The man walks right up. Babs holds a hand up. "My dude, you want to explain any of this?"
"Can I take a quick look at the MagentaChip?" he asks.
Babs looks at his badge. "'Forster'? No, dude. Hold on. 'FCC'?"
"Yeah, I work for the Federal Communications Commission," Forster says. "These devices aren't licensed. There's a penalty of up to sixty thousand dollars for each offence and the possibility of jail time."
"The MagnetaChip is an alien communications device?" Babs says.
"Yeah, you know that."
"I knew that," Pemy says.
Forster smiles a pained smile. He gestures, awkwardly with the briefcase. "The aliens," he says, "are not licensed to use this part of the spectrum. We've confiscated this ship already and served notices to their homeworld. It's going to be a pretty significant court case. Now we're collecting all the unlicensed chips too. That message was from us."
"Yeah, you haven't spoken to an alien."
"This is a perfect new frontier of free... of free statements and self-expression!" Pemy says. "You can't just lock it all up before it's even begun!"

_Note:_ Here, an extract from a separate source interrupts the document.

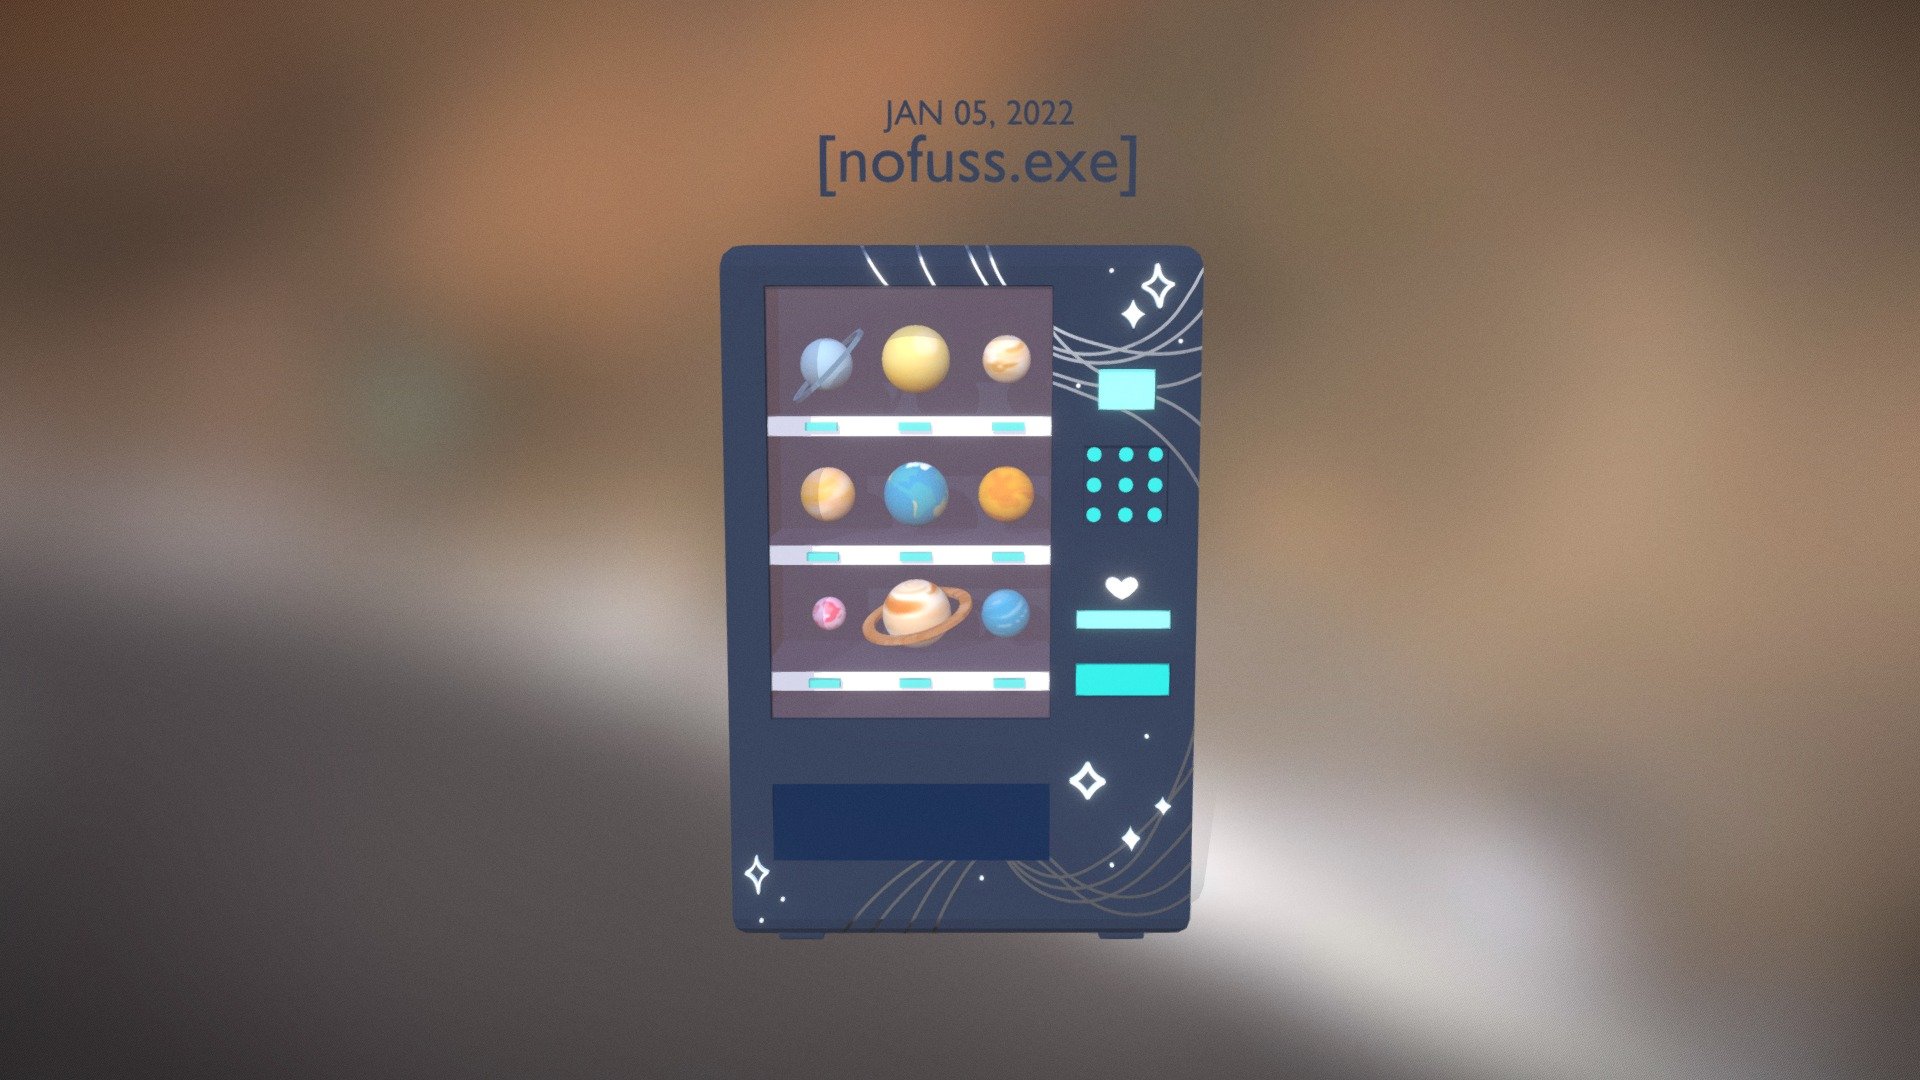 Space Vending Machine - Animated - 3D model by nofuss.exe [aa36b48

"Hmm, what? Yes, yes we can."
"The aliens invented this spectrum!" Pemy says. Forster makes a grab for the chip. Pemy evades him.
He huffs. "The spectrum is naturally occurring," he says. "It falls totally within FCC jurisdiction. It is totally regulated by existing law. That device isn't legal. Look, I'm carrying quite a bit of paperwork. You're just going to have to haul it all the way home with you. And the chip."
"But... what about the aliens? Where are they from? What do they look like?"
Forster looks aside. "I've never really been interested in that part of it. I mostly do legal work."
"Are they nice?"
Forster hesitates. "Uhhh." He's trying to figure out which answer will make Pemy give him the chip. "Uh, no. No, absolutely not. Just the worst."
Babs raises her eyebrows. "They're bad?"
"Oh yeah. Slurs for days."
"Oh no!" Pemy cries. They stare at the MagentaChip in their hand, conflicted now.
Babs says to them, "I don't believe him."
Forster makes another grab. This time he gets it.
Pemy exclaims, "Hey, poop!" They make a grab for Forster but he's already going. Babs runs after him. He's slowed by the briefcase. She grabs it, and gets it, about four kilograms of thick legal paperwork. As for the FCC guy, he gets back to the ship, which flips up like a tiddlywink as soon as he's in, and lurches away towards the horizon.
"Poop!" Pemy says. "Do you really think they're big alien jerks?"
"I don't know," Babs says. "I don't know if this is a lesson about free expression or regulation of the airwaves or G-men lying about stuff." She stirs the paperwork around with one foot. It looks real.
"I wanted to meet an alien," Pemy says.
"I don't know," Babs says, "maybe we did."